Los años noventa nos han situado ante un proceso de globalización «desgobernada», con marcos jurídicos que garantizan sólo umbrales mínimos (a veces muy mínimos) de protección, frente a la inseguridad propia de los distintos mercados. El desgobierno de la globalización, el carácter socialmente excluyente y económicamente concentrador del nuevo modelo de sociedad de mercado, y el carácter ademocrático de las normas e instituciones que regulan la globalización, provocan el rechazo de amplios sectores de la ciudadanía.
En la búsqueda de nuevas formas más democráticas de participación social, la naturaleza excluyente, concentradora y desinstitucionalizadora del nuevo modelo de sociedad de mercado hace que sea necesario establecer parámetros diferentes que permitan no sólo superar las insuficiencias de la misma, sino más bien crear un nuevo modelo de globalización, esta vez, incluyente.

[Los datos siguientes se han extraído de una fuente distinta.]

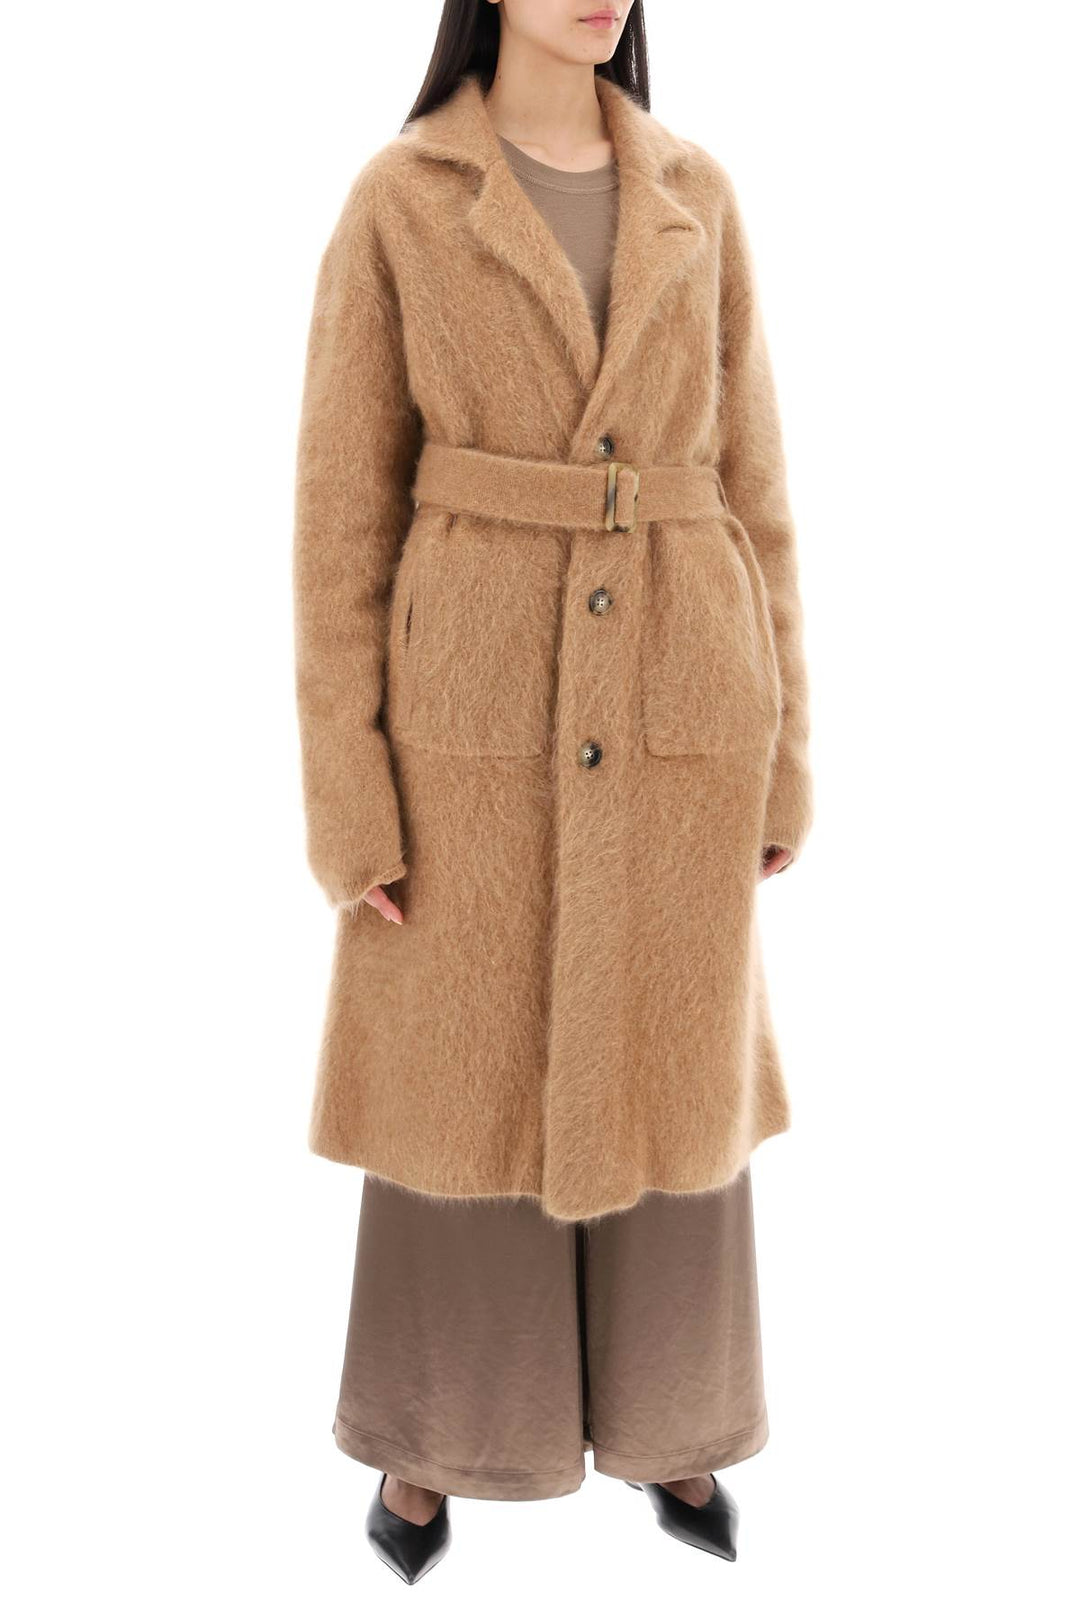 Guest In Residence Brushed Cashmere Coat   Brown

En este nuevo modelo de globalización será necesario establecer políticas que interrelacionen desarrollo social y económico, y que garanticen modelos incluyentes capaces de gobernar la globalización. Para ello es indispensable crear un nuevo contrato social que regule la relación entre Estado, sociedad y mercado, difundir y acordar reglas claras de aplicación universal que garanticen los beneficios de la globalización al conjunto de la comunidad, y establecer una institucionalidad supranacional coherente que aplique de forma eficaz estas reglas universales. Para ello el Estado debería adquirir un papel preponderante como actor social.